“If you aren’t destroying your enemies, it’s because you have been conquered and assimilated, you do not even have an idea of who your enemies are. You have been brainwashed into believing you are your own enemy, and you are set against yourself. The enemy is laughing at you as you tear yourself to pieces. That is the most effective warfare an enemy can launch on his foes: confounding them.”
The past year, those two traumatic events, the rape and baby left me with severe depression and non existent self worth. Well, not so much baby, but the rape destroyed my self esteem and confidence. It made me hate myself, I couldn’t bear to look in the mirror and see this weak, shaken and pathetic person staring back at me.
I am a diabetic and in the past I have been known to omit insulin sometimes, if I was depressed, anxious or just going through a bad time. That is a common way for diabetics to lose weight, although a highly dangerous one. For me it was more about being in control of something, but also to a degree, a punishment I guess, I was in a bad way.
After forcing myself to confront the rape and how I was feeling, because god damn I ignored it for so long, well, I grew to hate myself. I questioned why he did it and convinced myself it was down to me, somehow.
I wasn’t good enough, I wasn’t strong enough, I wasn’t smart enough, I wasn’t pretty enough for him, I was a time waster, I didn’t make things readily available for him, I was selfish, I was horrible, I was a waste of time, effort and energy, basically what a complete sack of shit I must be, right.

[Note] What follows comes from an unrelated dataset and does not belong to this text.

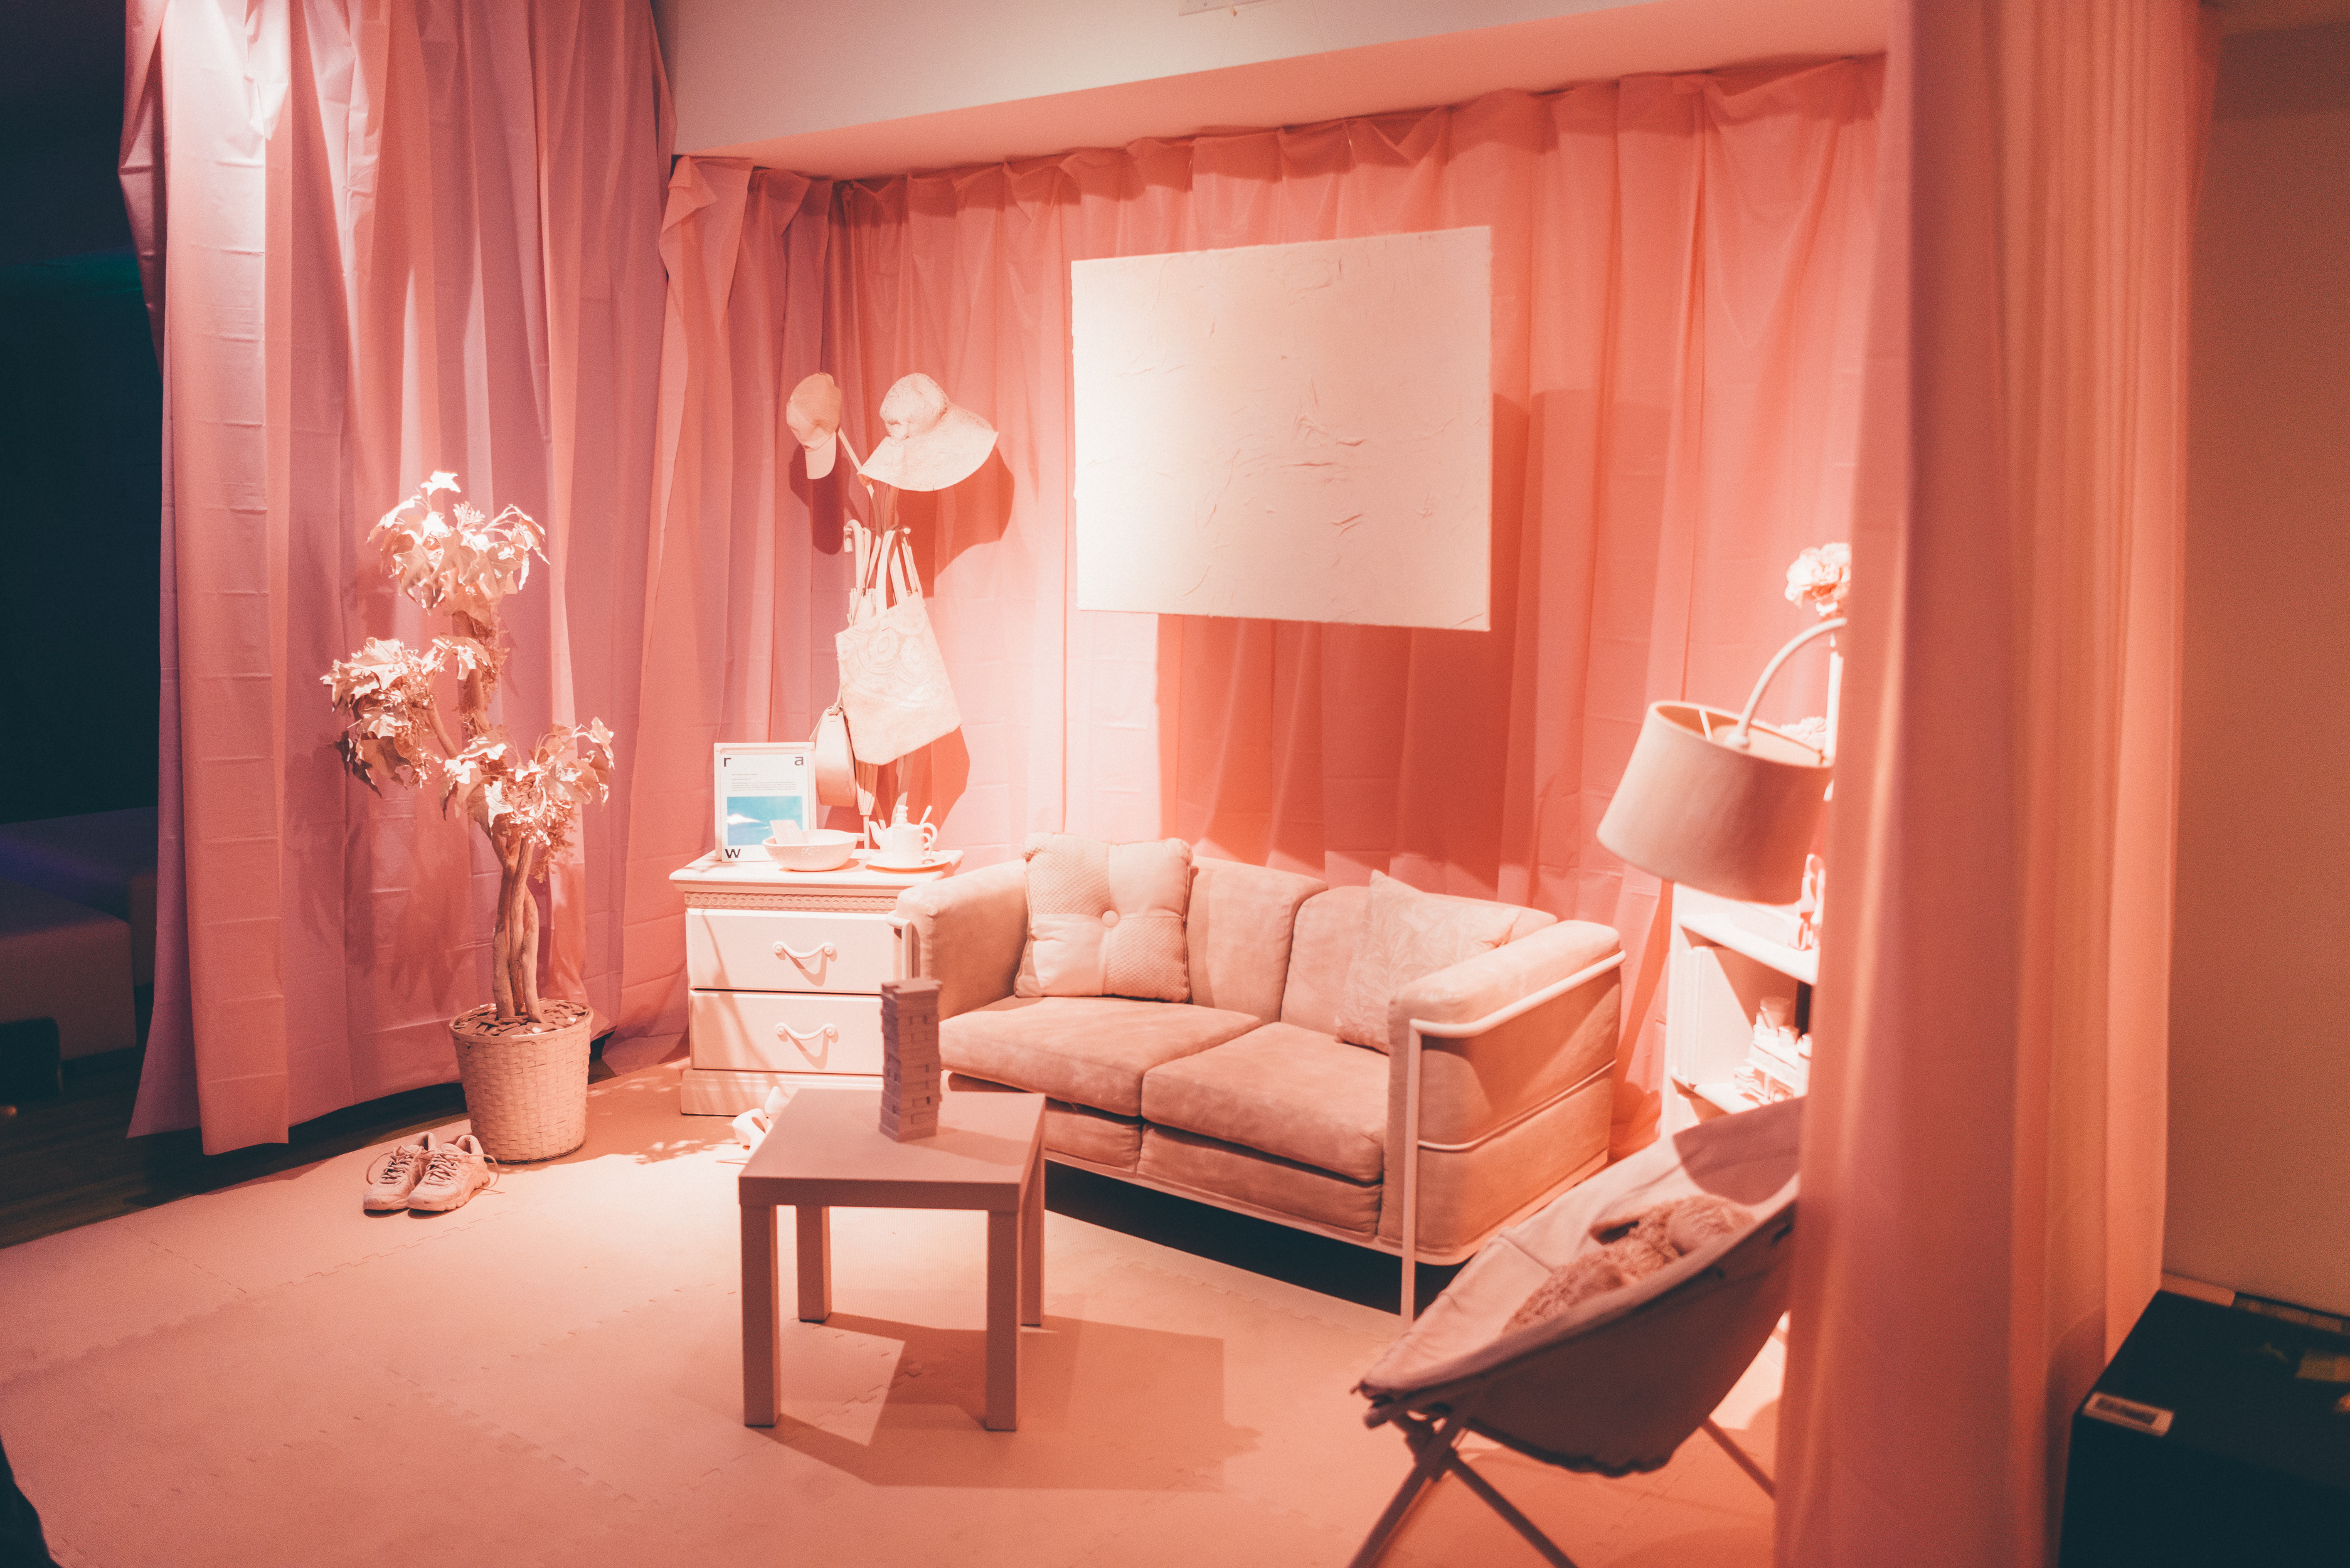 Gianna DiBartolomeo's Monochrome Room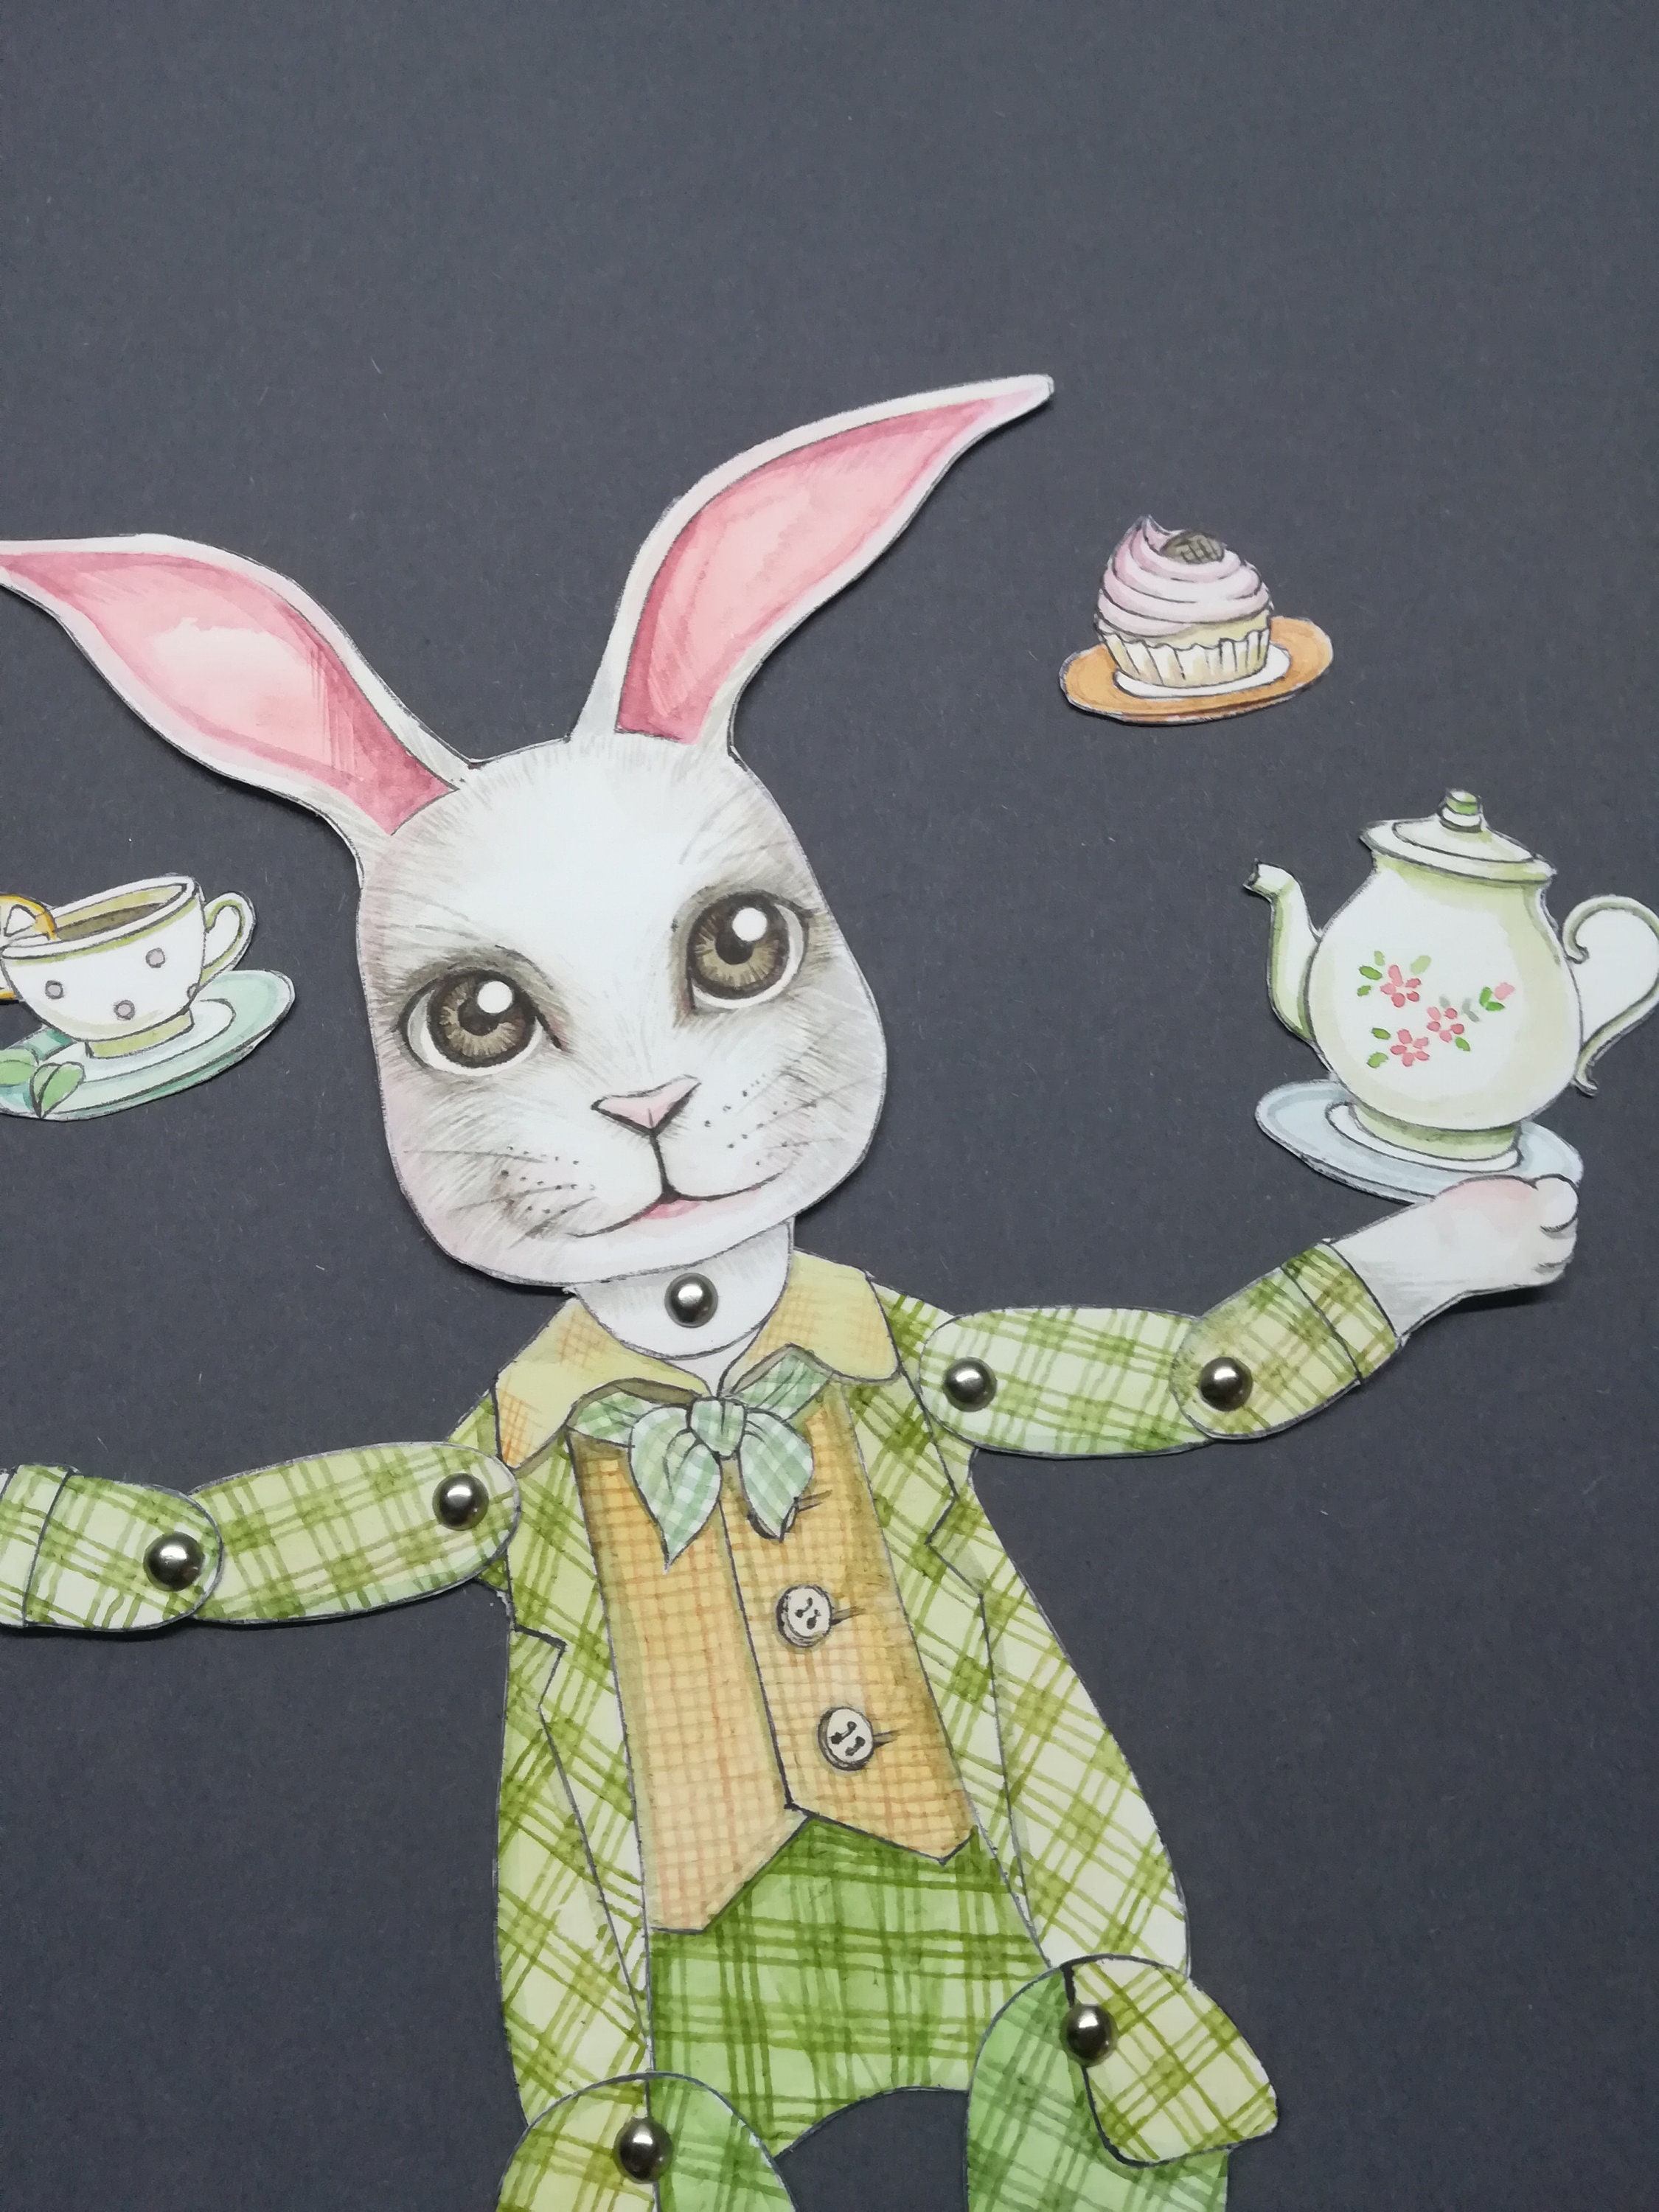 paper doll instant download paper dolls digital paper toys digital prints paper crafts art deco paper doll Teddy bunny Rabbit

I was none of those things, but, the rape being done by someone I loved, I ended up convincing myself of all of those things. I pounded them into my head until I believed them with ease.
So I’m sure you can imagine that it was with relative ease that I managed to take it further.
You’re fat, Catherine. You look like shit. Bags under your eyes and awful skin. You’re disgusting. You’re ugly as sin.
See he used to tell me I was beautiful daily, but he did what he did so suddenly every compliment he ever gave me seemed, untrustworthy and untruthful.
I decided to go low carb. I lost a stone and felt great. I joined the gym and although I felt vulnerable suddenly surrounded by men (never like that before the rape), I could see it was a positive thing to be doing. I felt better about myself. It was nice.
I still felt dirty, I guess. Broken by the rape and once you have lost all of your self worth and self esteem, well it is an incredibly slippery slope once you are on it. I began limiting certain foods, suffering from bad depression and anxiety by this point. During this time no one else knew what he had done, so it was eating away at me, but I felt unable to share the burden.
I didn’t need to lose anymore weight at all, but I found myself wobbling my thighs many times a day and feeling ill just looking at myself. I carried on limiting foods, not noticeably I don’t think, but like, looking up recipes all under 250kcal and passing it off as a health kick, when deep down I knew that it wasn’t the sole reason.
My anxieties were at an all time high and I was always feeling queasy. My family would hear me being sick most days and I would pass it off as panic, but along with the weight loss I didn’t really feel like I was fooling anyone really.
I fought hard not to fuck about with my insulin requirements. I had made myself very ill doing so before and DKA is my worst nightmare, there is only so many times you can win a fight against ketoacidosis.
Shamefully I would look up those horrible sites while in bed, the pro ana or pro mia ones, where troubled people share extreme diet tips and the like. I felt bad even having an interest, when the people on there were clearly very ill, but as I said, when your self worth and esteem is non existent, you find yourself in all manner of messed up situations.
I successfully purged a few times, but I never wanted it to become a habit. I became exhausted. By this point my family had been told about the rape and they were offering me with paid counselling sessions and the like, hence my PTSD therapy.
Sometimes I was too anxious to eat. I knew my Mum was on edge, I could see her watching me come out of the bathroom after a meal or out and about etc. Perhaps unintentionally on her part, but yeah, I noticed it.
The last time I was sick was last night, on baby’s anniversary. I was feeling full of anxiety again, I went to the toilet in the pub and made myself sick. It was not for any other reason then I was just feeling so nervous, but there was a sense of familiarity about it, the little voice in my head almost saying ‘welcome back’.
Weirdly, I only had a very brief flirtation with purging, but my mind was so quick to almost link it to a euphoric release, which I never thought I would describe puking as!
See what I mean though? When you are at a low point you find certain things alluring that you would never have even thought about before, and it scared me a lot. I didn’t want to end up that way.
Recently I kind of slipped the other way really. Depression and exhaustion has led me back to comfort food. I have recognised this and to stop me from wanting to go down that destructive path again, I have taken up running instead, currently in training for my first big race.
It’s been hard, you know, staying afloat this year. I’m not sure if I can identify as strong or weak just yet. Time will tell and more importantly, the truth will out.